Jorge Luis Velandia Macías  (born January 12, 1975) is a former Major League Baseball shortstop.

Playing career
Velandia played with the San Diego Padres (1997), Oakland Athletics (1998–2000), New York Mets (2000–2003), Tampa Bay Devil Rays (2007), Toronto Blue Jays (2008), and Cleveland Indians (2008). On December 1, 2006, the Devil Rays signed Velandia to a minor league deal with an invitation to spring training. His first major league home run, which was a grand slam, came on September 25, 2007. 

In December 2007, Velandia signed a minor league contract with the Pittsburgh Pirates. He was released by the Pirates on March 29, 2008, and signed with the Toronto Blue Jays two days later. Velandia started the 2008 season playing for the Syracuse Chiefs, the Triple-A affiliate of the Blue Jays. On May 7, his contract was purchased by the Blue Jays, and was added to the active roster. On May 16, he was designated for assignment and declined an outright assignment on May 19, becoming a free agent. Velandia signed with the Cleveland Indians on May 26, 2008, and was assigned to their Triple-A affiliate, the Buffalo Bisons.

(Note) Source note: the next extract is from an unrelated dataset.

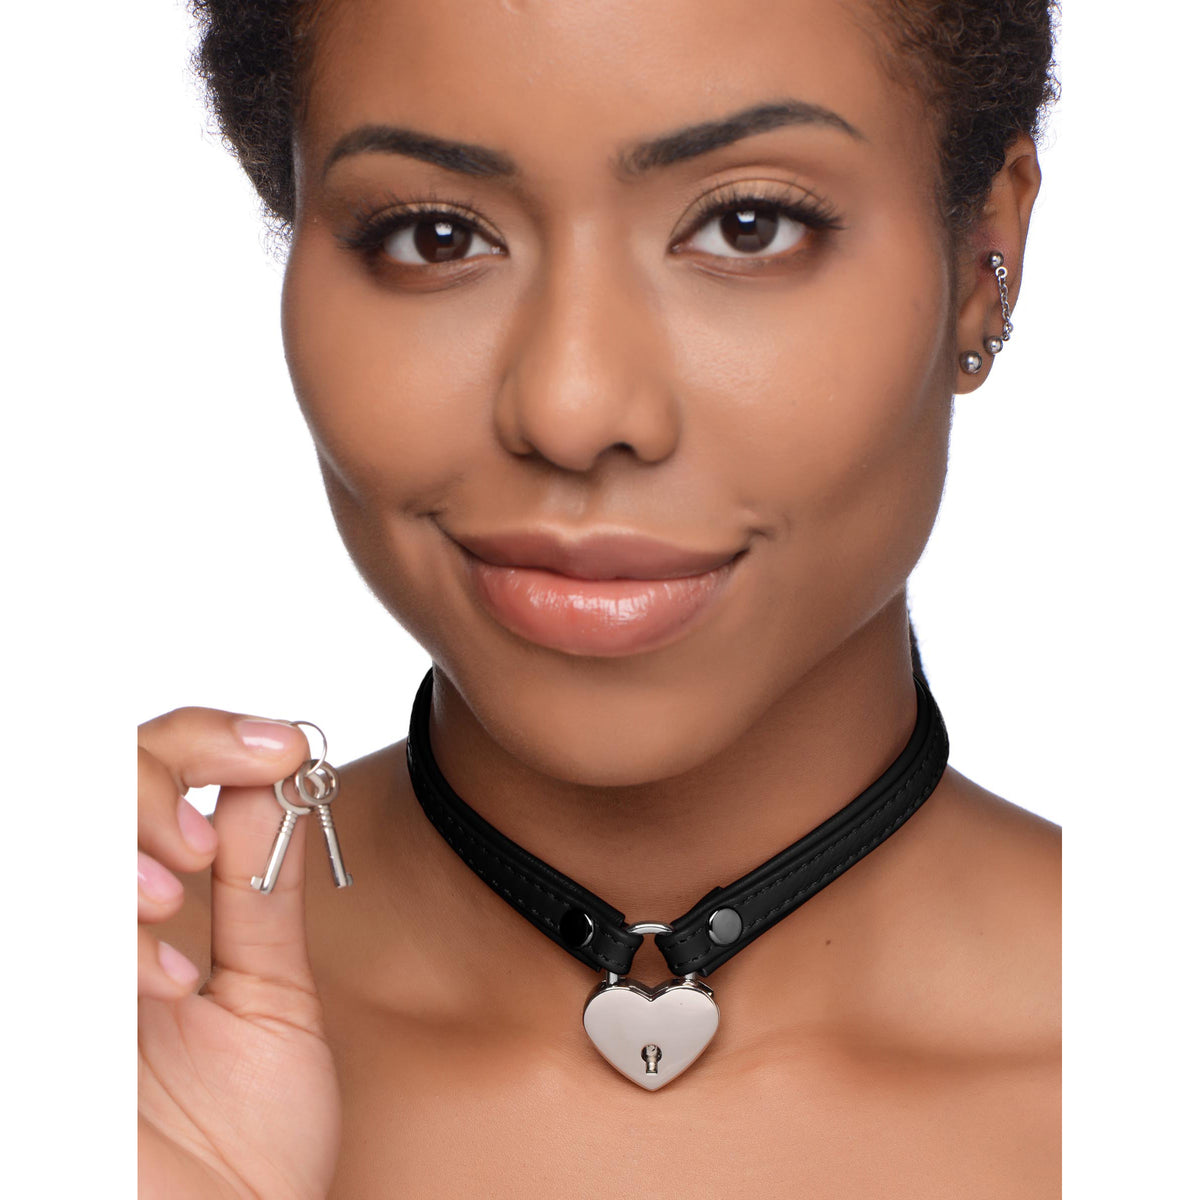 Heart Lock Leather Choker with Lock and Key - Black
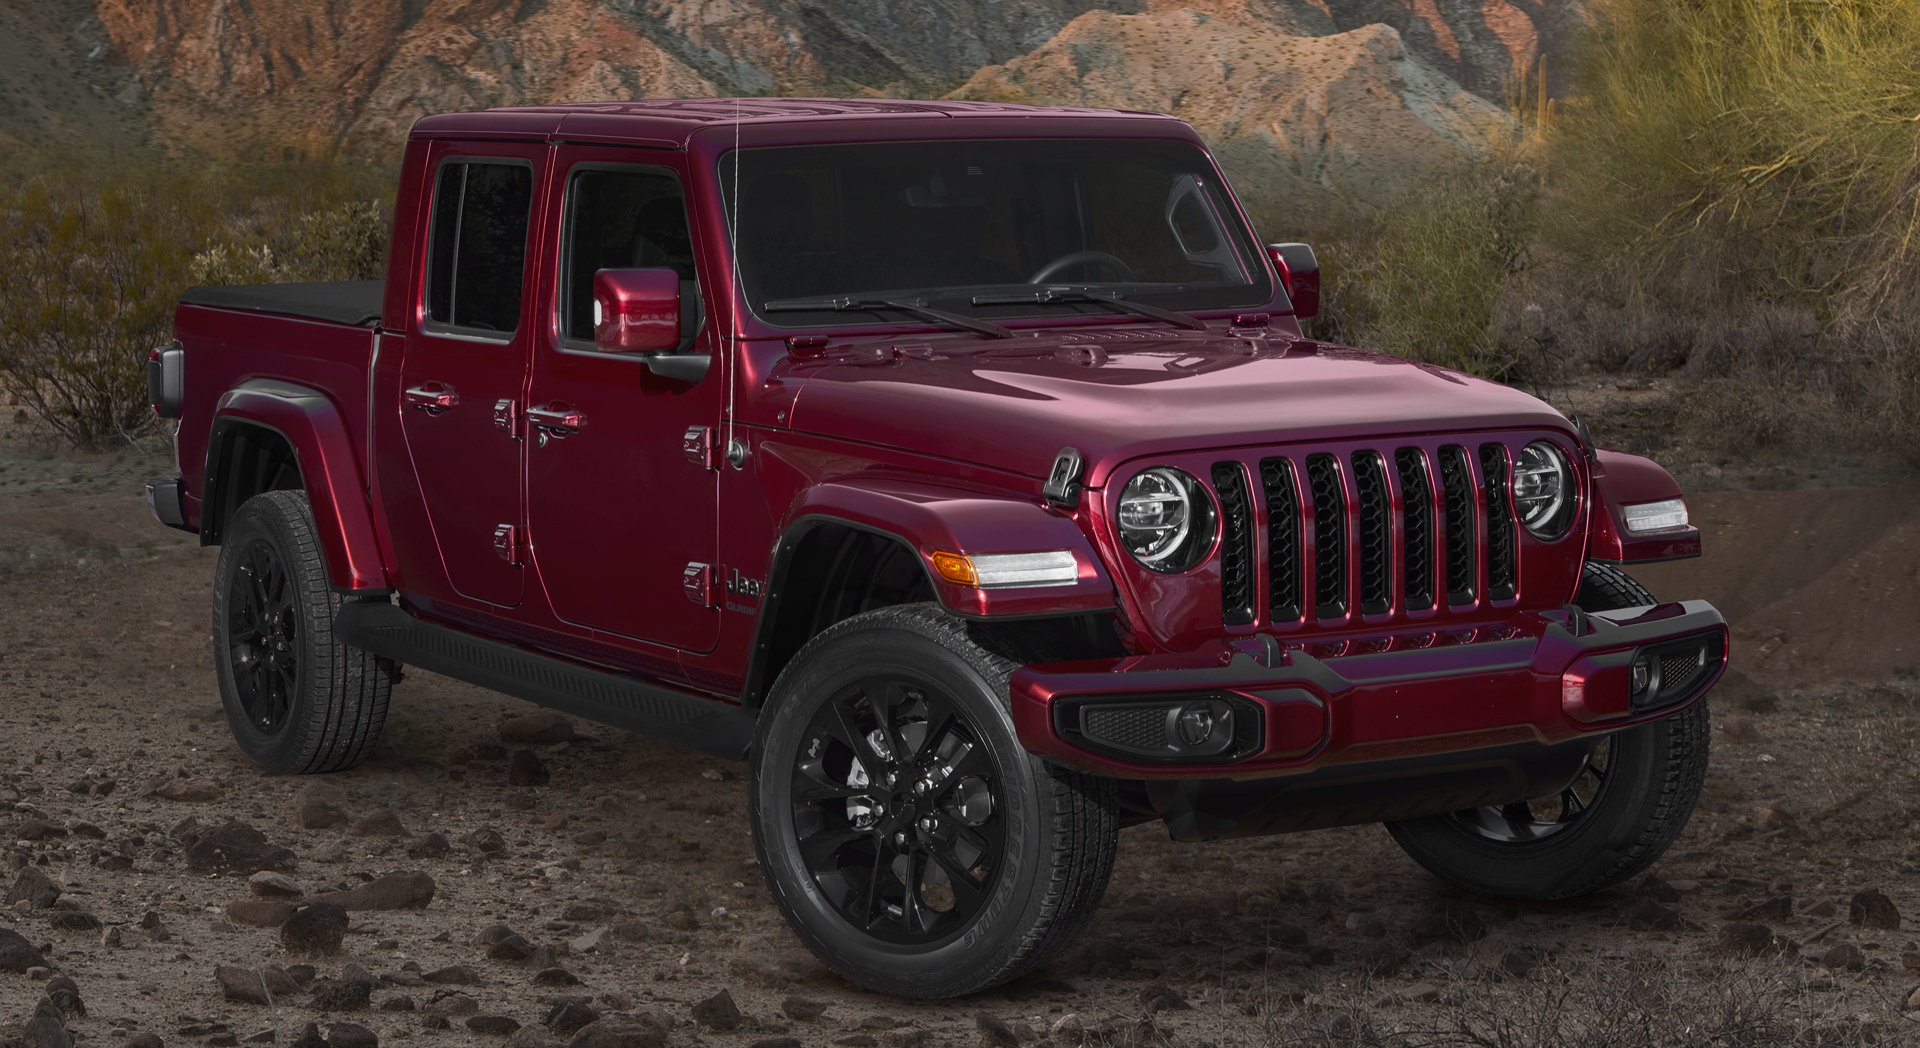 Jeep® Adds Snazzberry Exterior Color To 2021 Wrangler And Gladiator

He was called up on June 12, to replace the injured Josh Barfield (who had been recently called up himself, for Asdrúbal Cabrera). Cabrera returned a month later, and Velandia was sent back to Buffalo. He was traded to the Tampa Bay Rays on August 31. On January 22, 2009, Velandia signed a minor league contract with the Philadelphia Phillies.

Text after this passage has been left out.